• _Problem requirements_
Wherever the string "traditional" turns up in the data, copy the whole line.

Records excerpted from a collection
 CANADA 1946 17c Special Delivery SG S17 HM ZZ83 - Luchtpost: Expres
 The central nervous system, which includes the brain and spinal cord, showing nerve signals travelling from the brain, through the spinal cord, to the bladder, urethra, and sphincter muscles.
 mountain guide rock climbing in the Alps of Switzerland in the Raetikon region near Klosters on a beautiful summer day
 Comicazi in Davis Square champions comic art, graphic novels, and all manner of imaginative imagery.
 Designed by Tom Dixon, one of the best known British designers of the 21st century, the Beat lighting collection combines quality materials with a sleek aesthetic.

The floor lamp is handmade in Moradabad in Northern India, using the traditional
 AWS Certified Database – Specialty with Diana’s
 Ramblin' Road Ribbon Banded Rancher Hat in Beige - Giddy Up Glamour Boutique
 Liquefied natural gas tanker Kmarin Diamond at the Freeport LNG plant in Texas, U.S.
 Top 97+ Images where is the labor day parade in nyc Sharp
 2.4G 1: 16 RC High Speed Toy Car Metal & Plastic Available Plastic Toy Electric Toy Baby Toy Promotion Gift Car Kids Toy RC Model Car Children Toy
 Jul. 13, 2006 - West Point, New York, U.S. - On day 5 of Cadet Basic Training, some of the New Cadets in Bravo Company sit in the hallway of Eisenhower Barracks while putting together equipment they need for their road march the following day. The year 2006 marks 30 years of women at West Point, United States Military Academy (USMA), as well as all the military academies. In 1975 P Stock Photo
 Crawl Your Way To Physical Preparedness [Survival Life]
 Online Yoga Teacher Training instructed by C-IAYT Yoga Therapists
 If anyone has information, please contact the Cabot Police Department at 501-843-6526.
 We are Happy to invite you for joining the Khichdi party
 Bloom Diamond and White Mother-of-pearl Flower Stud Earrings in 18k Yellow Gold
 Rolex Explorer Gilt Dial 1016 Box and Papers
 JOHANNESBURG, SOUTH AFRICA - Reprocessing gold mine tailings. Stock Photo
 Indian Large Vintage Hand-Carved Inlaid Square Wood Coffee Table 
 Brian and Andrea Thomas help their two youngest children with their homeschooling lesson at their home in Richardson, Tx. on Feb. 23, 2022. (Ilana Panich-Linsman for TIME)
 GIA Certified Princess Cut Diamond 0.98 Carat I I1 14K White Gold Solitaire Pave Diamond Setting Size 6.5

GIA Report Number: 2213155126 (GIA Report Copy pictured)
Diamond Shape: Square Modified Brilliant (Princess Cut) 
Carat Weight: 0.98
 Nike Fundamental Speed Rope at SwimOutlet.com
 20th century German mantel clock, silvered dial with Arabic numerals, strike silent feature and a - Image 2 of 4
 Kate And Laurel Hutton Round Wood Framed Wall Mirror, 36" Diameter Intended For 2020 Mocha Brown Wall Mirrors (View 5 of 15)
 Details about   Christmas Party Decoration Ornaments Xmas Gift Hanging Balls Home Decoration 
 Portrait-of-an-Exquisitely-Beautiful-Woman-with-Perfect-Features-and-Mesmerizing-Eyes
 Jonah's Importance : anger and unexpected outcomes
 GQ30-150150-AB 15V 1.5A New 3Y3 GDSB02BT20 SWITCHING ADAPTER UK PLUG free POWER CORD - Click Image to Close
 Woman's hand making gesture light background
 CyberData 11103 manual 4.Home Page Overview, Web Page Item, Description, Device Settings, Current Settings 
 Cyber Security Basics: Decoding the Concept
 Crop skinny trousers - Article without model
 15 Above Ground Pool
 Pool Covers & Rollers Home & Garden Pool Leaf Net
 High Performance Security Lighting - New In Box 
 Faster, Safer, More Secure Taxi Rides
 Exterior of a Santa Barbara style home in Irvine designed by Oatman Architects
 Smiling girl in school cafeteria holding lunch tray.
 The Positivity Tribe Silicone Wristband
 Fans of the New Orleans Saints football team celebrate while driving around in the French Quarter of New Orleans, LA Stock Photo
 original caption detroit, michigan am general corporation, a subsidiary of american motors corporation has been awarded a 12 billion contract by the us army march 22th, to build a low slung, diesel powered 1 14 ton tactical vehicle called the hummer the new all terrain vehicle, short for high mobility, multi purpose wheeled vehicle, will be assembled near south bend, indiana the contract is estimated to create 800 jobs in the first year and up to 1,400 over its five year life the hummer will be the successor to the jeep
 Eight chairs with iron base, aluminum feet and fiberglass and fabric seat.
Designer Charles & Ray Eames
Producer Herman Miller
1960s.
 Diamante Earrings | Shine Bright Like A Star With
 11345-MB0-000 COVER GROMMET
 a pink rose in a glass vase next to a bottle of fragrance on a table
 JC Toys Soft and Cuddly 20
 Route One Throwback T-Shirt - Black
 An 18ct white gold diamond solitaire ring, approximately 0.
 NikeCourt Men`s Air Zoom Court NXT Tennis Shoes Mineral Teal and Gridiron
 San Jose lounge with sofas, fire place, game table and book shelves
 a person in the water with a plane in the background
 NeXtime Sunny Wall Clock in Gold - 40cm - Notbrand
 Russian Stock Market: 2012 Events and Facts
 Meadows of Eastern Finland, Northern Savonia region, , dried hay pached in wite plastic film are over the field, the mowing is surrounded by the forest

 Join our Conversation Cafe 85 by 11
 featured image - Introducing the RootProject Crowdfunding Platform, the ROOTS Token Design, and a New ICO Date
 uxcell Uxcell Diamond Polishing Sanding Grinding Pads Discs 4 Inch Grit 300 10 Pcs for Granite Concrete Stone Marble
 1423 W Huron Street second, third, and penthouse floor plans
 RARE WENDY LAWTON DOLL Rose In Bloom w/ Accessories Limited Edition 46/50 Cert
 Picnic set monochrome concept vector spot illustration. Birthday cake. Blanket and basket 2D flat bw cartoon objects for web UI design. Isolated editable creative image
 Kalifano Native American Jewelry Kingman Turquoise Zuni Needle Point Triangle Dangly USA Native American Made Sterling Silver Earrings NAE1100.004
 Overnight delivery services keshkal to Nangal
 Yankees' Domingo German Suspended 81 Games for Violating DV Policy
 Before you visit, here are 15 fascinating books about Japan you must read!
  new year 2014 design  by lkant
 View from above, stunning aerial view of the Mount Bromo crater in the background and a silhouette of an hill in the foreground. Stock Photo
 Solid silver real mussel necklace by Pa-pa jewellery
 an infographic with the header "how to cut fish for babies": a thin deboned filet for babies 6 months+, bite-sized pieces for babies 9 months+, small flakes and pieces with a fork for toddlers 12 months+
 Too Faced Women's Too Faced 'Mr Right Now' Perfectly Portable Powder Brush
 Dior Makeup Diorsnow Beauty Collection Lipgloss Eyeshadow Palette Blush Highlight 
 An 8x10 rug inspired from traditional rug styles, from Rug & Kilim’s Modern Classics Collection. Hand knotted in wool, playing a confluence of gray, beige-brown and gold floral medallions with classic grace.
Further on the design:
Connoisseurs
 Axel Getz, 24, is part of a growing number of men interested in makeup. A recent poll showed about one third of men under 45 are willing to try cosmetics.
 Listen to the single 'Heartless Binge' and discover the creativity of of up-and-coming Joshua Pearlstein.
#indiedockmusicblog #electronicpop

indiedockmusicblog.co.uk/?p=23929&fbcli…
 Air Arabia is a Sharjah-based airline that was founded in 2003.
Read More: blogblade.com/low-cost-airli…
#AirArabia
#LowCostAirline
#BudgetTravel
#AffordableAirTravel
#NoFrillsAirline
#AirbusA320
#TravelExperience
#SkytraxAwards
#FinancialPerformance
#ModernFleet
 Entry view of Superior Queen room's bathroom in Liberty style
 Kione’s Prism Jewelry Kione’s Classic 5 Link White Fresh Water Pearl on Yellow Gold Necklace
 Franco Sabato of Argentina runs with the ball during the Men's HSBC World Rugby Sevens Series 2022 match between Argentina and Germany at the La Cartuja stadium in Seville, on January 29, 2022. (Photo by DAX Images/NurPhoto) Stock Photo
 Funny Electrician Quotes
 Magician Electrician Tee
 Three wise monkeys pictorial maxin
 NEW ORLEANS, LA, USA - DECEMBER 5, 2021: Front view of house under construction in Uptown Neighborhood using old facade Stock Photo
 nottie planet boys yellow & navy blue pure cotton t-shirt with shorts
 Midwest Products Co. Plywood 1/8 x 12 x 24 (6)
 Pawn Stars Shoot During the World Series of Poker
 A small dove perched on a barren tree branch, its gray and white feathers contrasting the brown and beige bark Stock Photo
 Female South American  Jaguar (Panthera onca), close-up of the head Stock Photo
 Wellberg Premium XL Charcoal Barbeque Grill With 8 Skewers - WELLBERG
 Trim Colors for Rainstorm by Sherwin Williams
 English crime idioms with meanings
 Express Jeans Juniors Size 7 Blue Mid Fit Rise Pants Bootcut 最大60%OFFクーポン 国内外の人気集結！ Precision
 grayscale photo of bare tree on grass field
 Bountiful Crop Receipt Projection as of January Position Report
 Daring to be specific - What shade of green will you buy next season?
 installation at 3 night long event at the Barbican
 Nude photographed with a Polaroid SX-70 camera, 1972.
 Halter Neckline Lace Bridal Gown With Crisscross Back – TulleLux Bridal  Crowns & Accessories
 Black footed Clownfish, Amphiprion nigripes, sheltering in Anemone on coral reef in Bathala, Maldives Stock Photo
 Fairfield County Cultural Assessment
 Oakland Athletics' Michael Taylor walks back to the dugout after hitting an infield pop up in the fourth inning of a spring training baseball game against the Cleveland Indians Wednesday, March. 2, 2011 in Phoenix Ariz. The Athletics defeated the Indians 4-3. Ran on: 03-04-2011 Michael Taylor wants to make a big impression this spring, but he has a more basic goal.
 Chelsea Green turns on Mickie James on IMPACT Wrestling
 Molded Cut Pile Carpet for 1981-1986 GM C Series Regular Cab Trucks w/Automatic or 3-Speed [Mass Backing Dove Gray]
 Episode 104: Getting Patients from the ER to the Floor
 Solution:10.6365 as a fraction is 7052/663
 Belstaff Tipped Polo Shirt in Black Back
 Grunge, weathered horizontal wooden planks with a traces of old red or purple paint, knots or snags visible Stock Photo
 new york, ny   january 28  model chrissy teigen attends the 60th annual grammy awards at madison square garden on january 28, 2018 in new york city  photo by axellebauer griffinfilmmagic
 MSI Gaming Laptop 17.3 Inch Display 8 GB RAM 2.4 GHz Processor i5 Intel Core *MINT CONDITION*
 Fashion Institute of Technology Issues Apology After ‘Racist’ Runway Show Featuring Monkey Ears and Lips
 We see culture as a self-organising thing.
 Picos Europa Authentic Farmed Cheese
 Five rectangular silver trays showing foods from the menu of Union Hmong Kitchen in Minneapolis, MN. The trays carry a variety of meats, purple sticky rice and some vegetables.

• _Output_
The floor lamp is handmade in Moradabad in Northern India, using the traditional
 An 8x10 rug inspired from traditional rug styles, from Rug & Kilim’s Modern Classics Collection. Hand knotted in wool, playing a confluence of gray, beige-brown and gold floral medallions with classic grace.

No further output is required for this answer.